В марте 1794 года сцену гильотинирования якобинца Жак-Рене Эбера посмотрело 400 тысяч человек, по сути, весь тогдашний Париж. Мадам Гильотина стала настоящим брендом. Нарасхват шли брошки, печати, серьги, браслеты и праздничные десерты в форме гильотины. Особенно популярны были марципановые куколки политиков. Блюдо с ними ставилось в центре стола, и каждый гость мог выбрать свой персонаж, обезглавить миниатюрной гильотинкой и съесть, обмакивая в малиновый сироп, вытекший из горла. Изображение гильотины украшало вывески и мебель. Думаю, на луидорах Великой французской революции её нет лишь потому, что рисунок монеты с галльским петухом утвердили до того, как весёлая Вдова вскружила головы своих соотечественников.
Самые экстравагантные модницы выстригали себе затылки, носили на шеях красные шнурки и пахли актуальным «Парфюм де Гильот». Неизвестно, из чего состоял этот аромат. Духи Guillotine, которые выпустил в 2009 году парфюмерный дом Parfums Sophiste, пахнут перчёным помидором и, по утверждению создателей, превращают покупательниц в женщин «опасных, как лезвие ножа», то есть действуют как репеллент. Во всяком случае, на российских мужчин, которым для адреналина хватает политиков, гаишников и налоговых инспекторов.
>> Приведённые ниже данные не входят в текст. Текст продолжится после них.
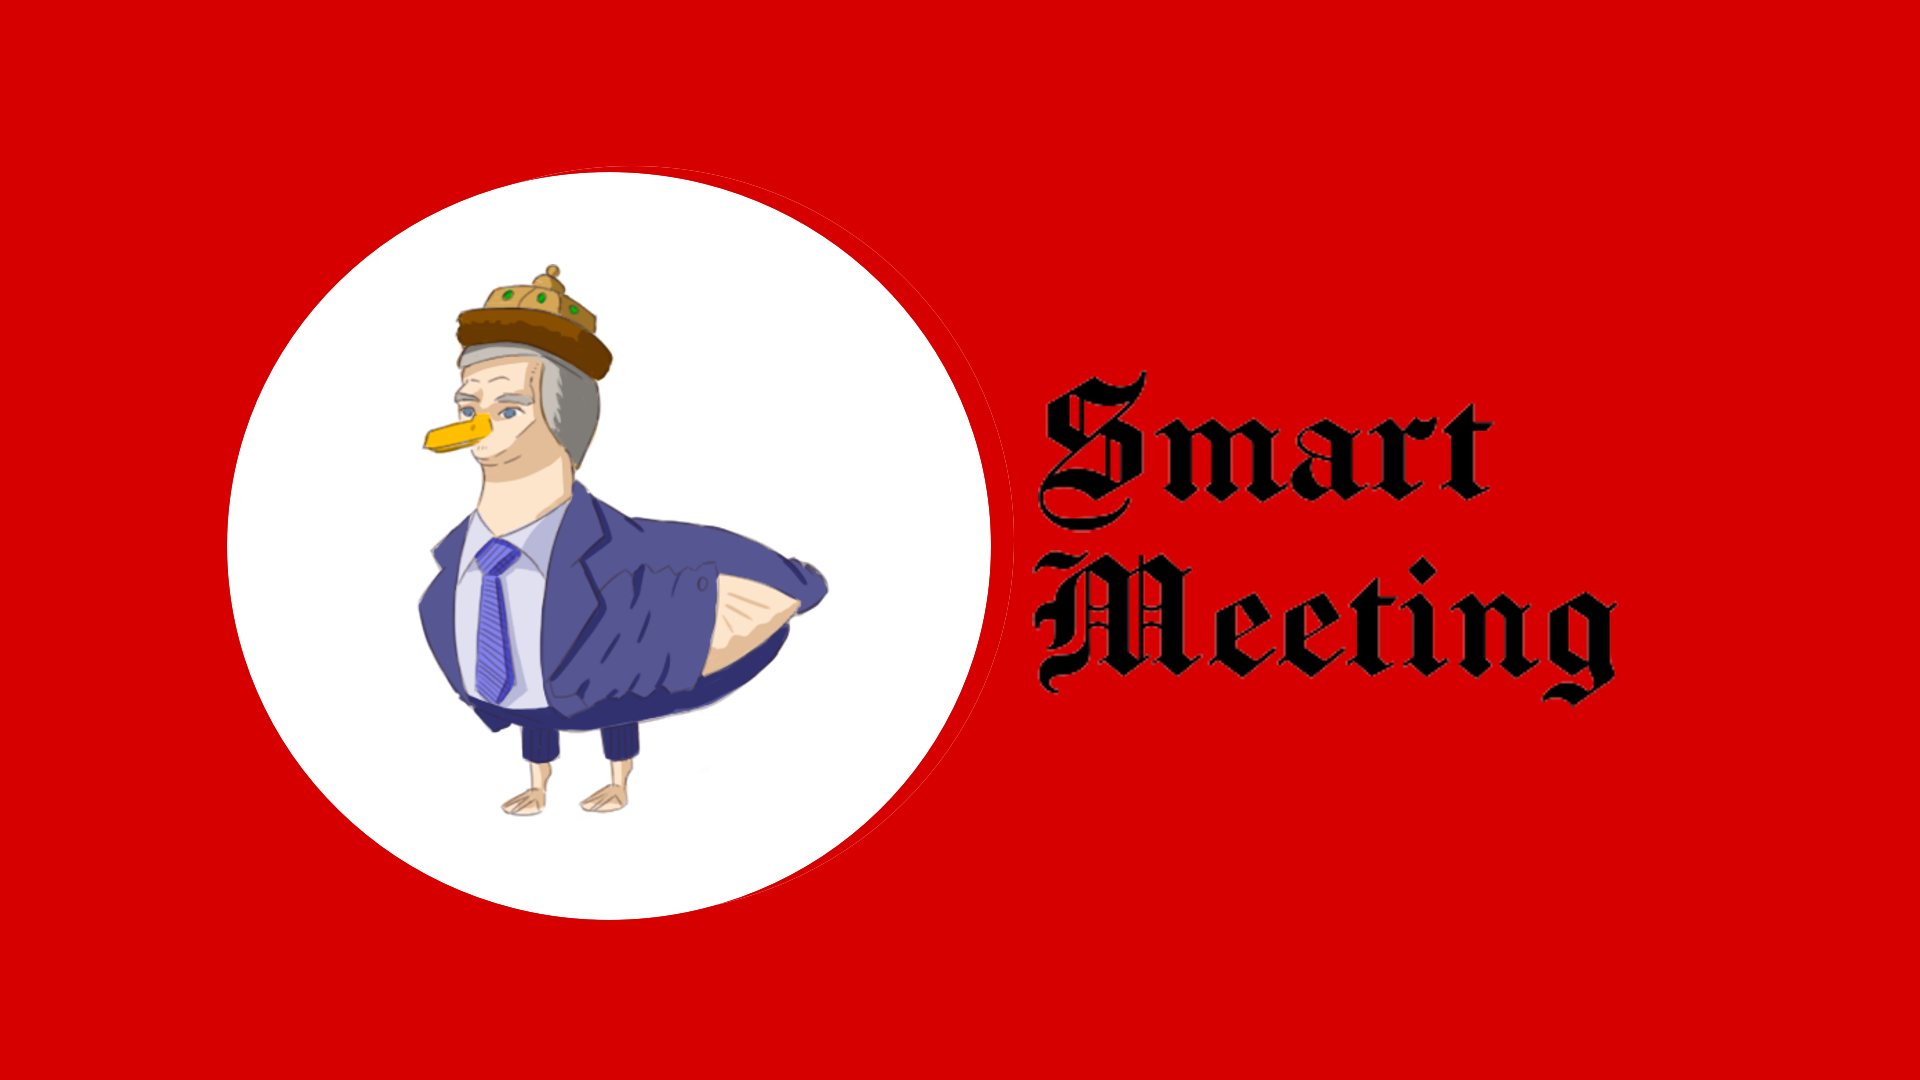 Smart meeting

Реалити-шоу под названием «Массовый террор» показывали французам ежедневно в течение двух лет. Практичные парижанки уже брали с собой на очередной спектакль вязание, а их мужья - сыновей, чтобы «преподать им урок добродетельного поведения». С каждым днём зрелище становилось всё более и более театрализованным. Публика свистела, аплодировала, кричала «браво!», обсуждала «игру» одноразовых актёров, тиражировала для потомков их финальные реплики - королевы Марии-Антуанетты, наступившей на ногу палачу («Прошу прощения, месье, я не нарочно»), Шарлотты Корде и аббата Шарля Франсуа о гильотине («Какая интересная конструкция», «Отличное средство от мигрени»). А главное, смеялась. Смеялась над удачными остротами жертв и над собственными шутками.
Так гильотина родила гиньоль, театр ужаса, где злодеяния доведены до той степени гротеска и кича, когда уже и страшно, и одновременно смешно. Сначала от реалити-шоу отпочковался кукольный балаган, в котором друг друга терзали марионетки, а в 1897 году открылся собственно театр «Гран-Гиньоль». Его создатель Оскар Метенье в бытность свою полицейским комиссаром сопровождал смертников. Литераторы и журналисты клянчили у него приглашения на казнь, которые позволяли находиться возле Вдовы, а не за оцеплением, откуда было плохо видно. Владелец одного из первых туристических агентств, приятель Метенье, молниеносно разбогател, включив в экскурсионное меню «посещение обезглавливания». Наконец однажды комиссара осенило, и скоро в купленной им готической часовенке в тупике Шапталь начало твориться такое, что украинский нетопырь Вий показался бы гоголевскому бурсаку милягой Шреком. На сцене стонали актёры, истязаемые всеми известными человечеству способами, за решётками специальных лож стонали пары, занятые любовью, по рядам пробирался к очередному, закошмаренному до обморока зрителю дежурный врач, и всё это ещё не называлось хоррором, но уже было им. Так гильотина вошла в искусство.